# How similar/how different?

## Comparing the five extant texts of the Gettsyburg Address

This notebook looks at word lenghts and word frequency.



## Load texts from github

In [None]:
import scala.io.Source
val names = Vector("bancroft", "bliss", "everett", "hay", "nicolay")    
val baseUrl = "https://raw.githubusercontent.com/neelsmith/gettysburg/master/texts/"
val urls = names.map( f => baseUrl + f + ".txt")
val texts = urls.map(u => Source.fromURL(u).getLines.mkString("\n"))

We can zip the names together with the text content and create a map, so that we can retrieve text content by name.

In [None]:
val textsMap = (names zip texts).toMap

## Word length

We'll use Bancroft's text in this example.

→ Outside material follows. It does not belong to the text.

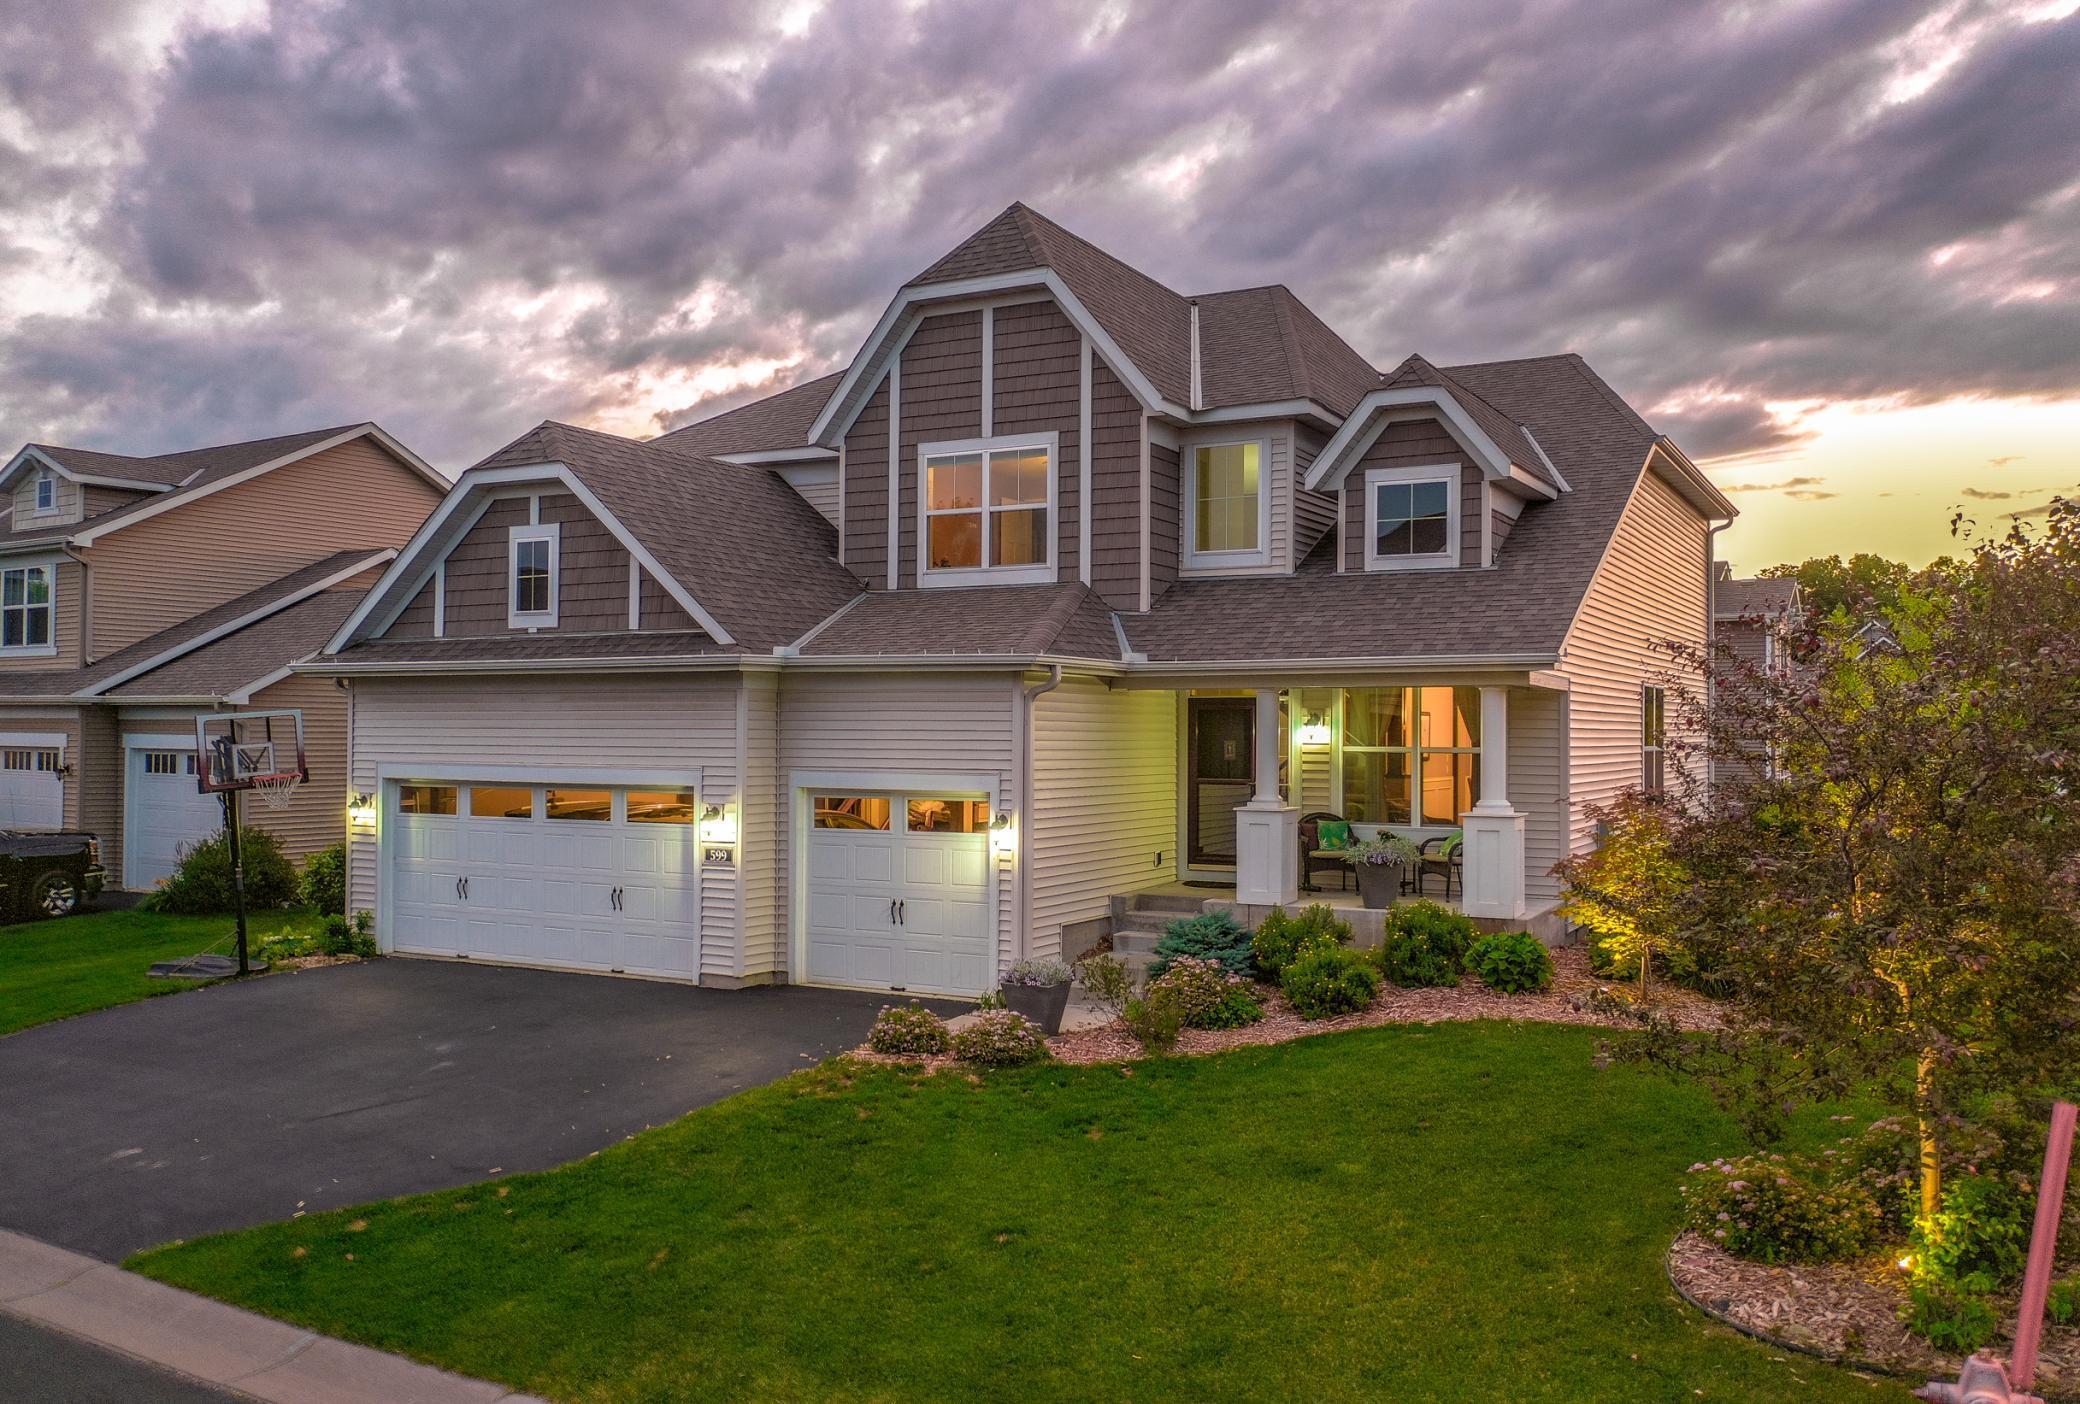 599 Eastgate Property Photo - Mahtomedi, MN real estate listing

We'll split (tokenize) the text on runs of 1 or more white space characters.  For counting purposes, we don't care about case, so we'll create our word list by transforming every word to its lower-case version.


In [None]:
val words = textsMap("bancroft").split("[\\s]+").toVector.map(w => w.toLowerCase)

## Clustering Vector contents with `groupBy` 




In [None]:
val groupedBySize = words.groupBy(w => w.size)

In [None]:
val sortedKeys = groupedBySize.keySet.toVector.sorted.reverse

In [None]:
sortedKeys.map { k =>
  k + " characters long: " + groupedBySize(k).size + " word(s)."
}

## Word frequency


In [None]:
val groupedByWord = words.groupBy(w => w).toVector


In [None]:
val frequencies = groupedByWord.map{ case (word, wordList) => (word, wordList.size)}

In [None]:
val mostToFewest = frequencies.sortBy{ case (w,freq) => freq }.reverse

## Options for plotting in a Jupyter notebook environment

Just because it's fun.

## Configuration


In [None]:
// Make plotly libraries available to this notebook:
import $ivy.`org.plotly-scala::plotly-almond:0.7.1`

In [None]:
// Import plotly libraries, and set display defaults suggested for use in Jupyter NBs:
import plotly._, plotly.element._, plotly.layout._, plotly.Almond._
repl.pprinter() = repl.pprinter().copy(defaultHeight = 3)

In [None]:
val items = mostToFewest.map(freq => freq._1)
val counts = mostToFewest.map(freq => freq._2)

val zipf = Vector(
  Bar(x = items, y = counts)
)
plot(zipf)